Tony Cozier reports in The Cricketer on the first test between West Indies and Australia in Jamaica, a high-scoring draw. I notice that Rod Marsh was out hit wicket for 97, so the air would have been as blue as the sea.
Of the five tests featured this month, only one was not drawn. The rest were all a day or so off a definitive result. Such matches are now quite unusual. It is a paradox that now, when test cricket’s existence is under threat, the long form of the game itself is much more entertaining than it was fifty years ago.
Both magazines devote several pages to events in South Africa, particularly the recent tour by the DH Robins XI, ostensibly a private affair but bearing a marked resemblance to an England A team, including Bob Willis, John Hampshire, John Lever, Frank Hayes and several other future test players.

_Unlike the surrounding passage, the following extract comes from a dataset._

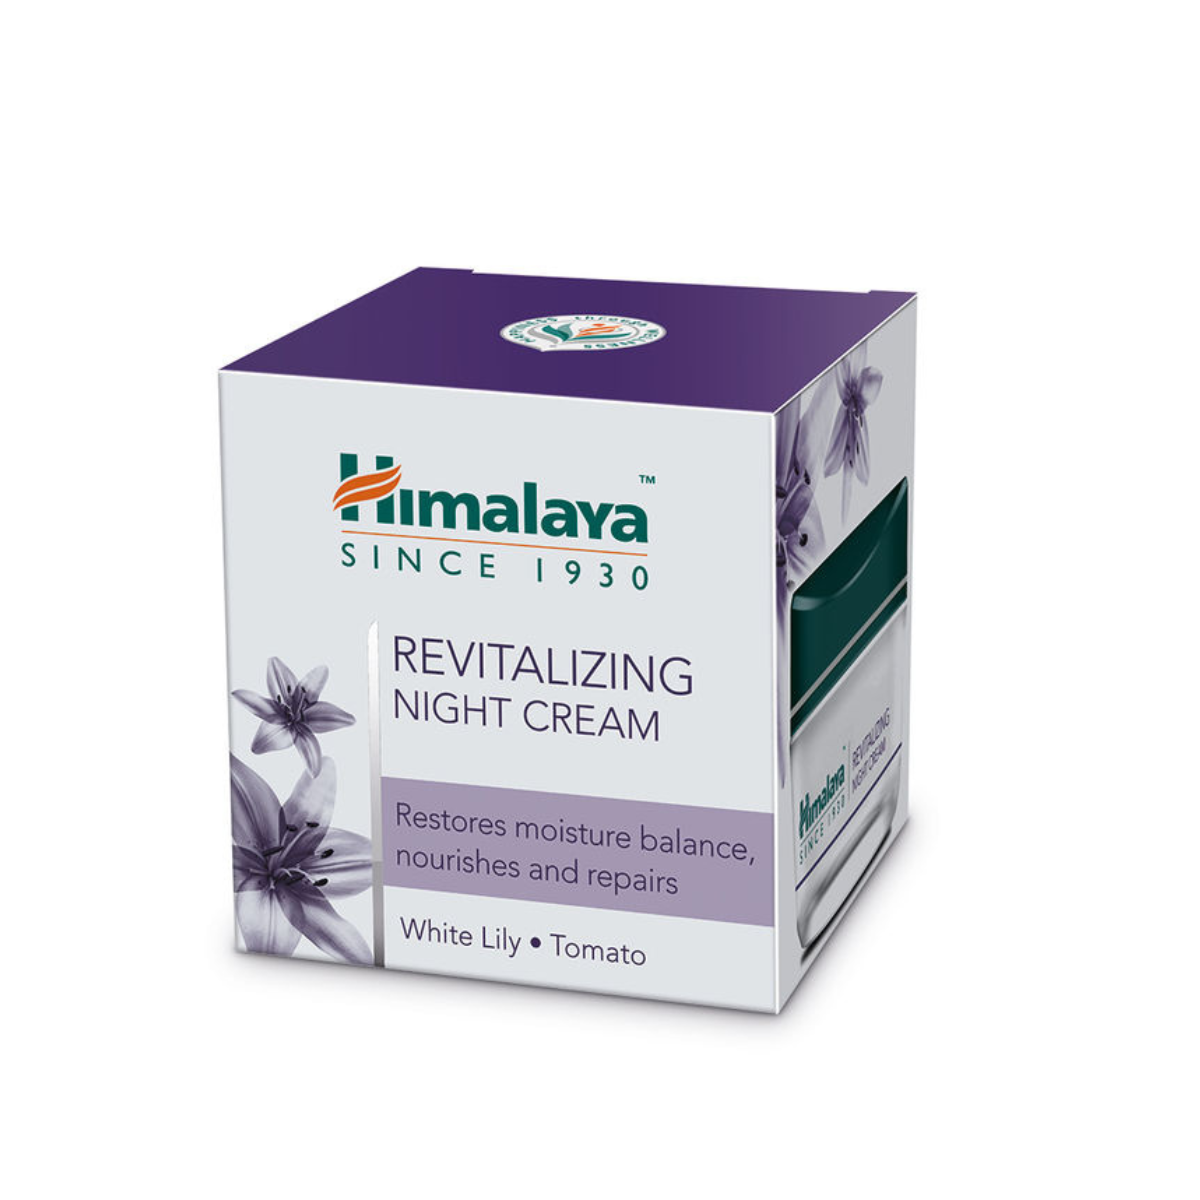 Himalaya Revitalizing Night Cream - Restores Moisture Balance, Nourishes And Repairs - White Lily + Tomato - 50g

You wouldn’t think it possible to devote seven pages to cricket in the Cape in this era without using the word Apartheid, but they manage it. The extent of the self-delusion is massive, that cricket can exist in splendid isolation, free of all social and political context, and that the non-white populations should be content with a small amount of money to improve facilities and a few days’ coaching.
Gordon Ross reported on his recent visit to the Republic. After two pages of crayfish mayonnaise and trips to the races he eventually addresses the issue, but shamefully so:
We paused for some time at the section reserved for the Coloureds [at Newlands]. How absorbed they were in the cricket; how magnificently behaved they were. I couldn’t help but see in the mind’s eye, a D’Oliveira somewhere among them, and fervently hoped that they might enjoy better facilities than ‘Dolly’ did. I am interested only in cricket and cricketers; not politics, race or colour. I only wish somewhere there was a solution to it all.
There was Gordon, yes there was.
Alan Gibson reviews four books by the same author, who, having been dead for 57 years, was in no position to rebut; it was WG Grace, or rather, his ghostwriters.
Of course, the books were ‘ghosted’, though that practice was not quite so common in his day as it is in ours, nor so widely accepted by the public. Had WG been exposed on television, his most innocent admirers might have wondered where all those fine phrases came from.
Arthur Porritt held the pen for what Gibson considers the best of these books. In his own autobiography, Porritt describes the challenges of this collaboration:
Grace was choke full of cricketing history, experience and reminiscences, but he was a singularly inarticulate man, and had he been left to write his own cricketing biography it would never have seen the light. …Grace accepted me as collaborator with his utmost heartiness, and, although the task of getting the material from him was almost heartbreaking, I enjoyed the work immensely.
The Cricketer has an account by Mike Brearley on his winter travels, first in India, covering the first three tests for The Guardian and The Observer, then in the Caribbean, guesting for Kent, as described in the March editions. He reflects on the challenge of being a current player who turns reporter.
I found cricket-watching enhanced by the journalistic duty; my concentration was sharper and I like having to formulate my response to the day’s play…As a colleague of the players I felt faintly inhibited from any harsh words I might have thought, partly by a sense of solidarity in the face of a public which can be unappreciative, partly by the fear that criticism from me might be taken to imply a belief in my own ability to do better.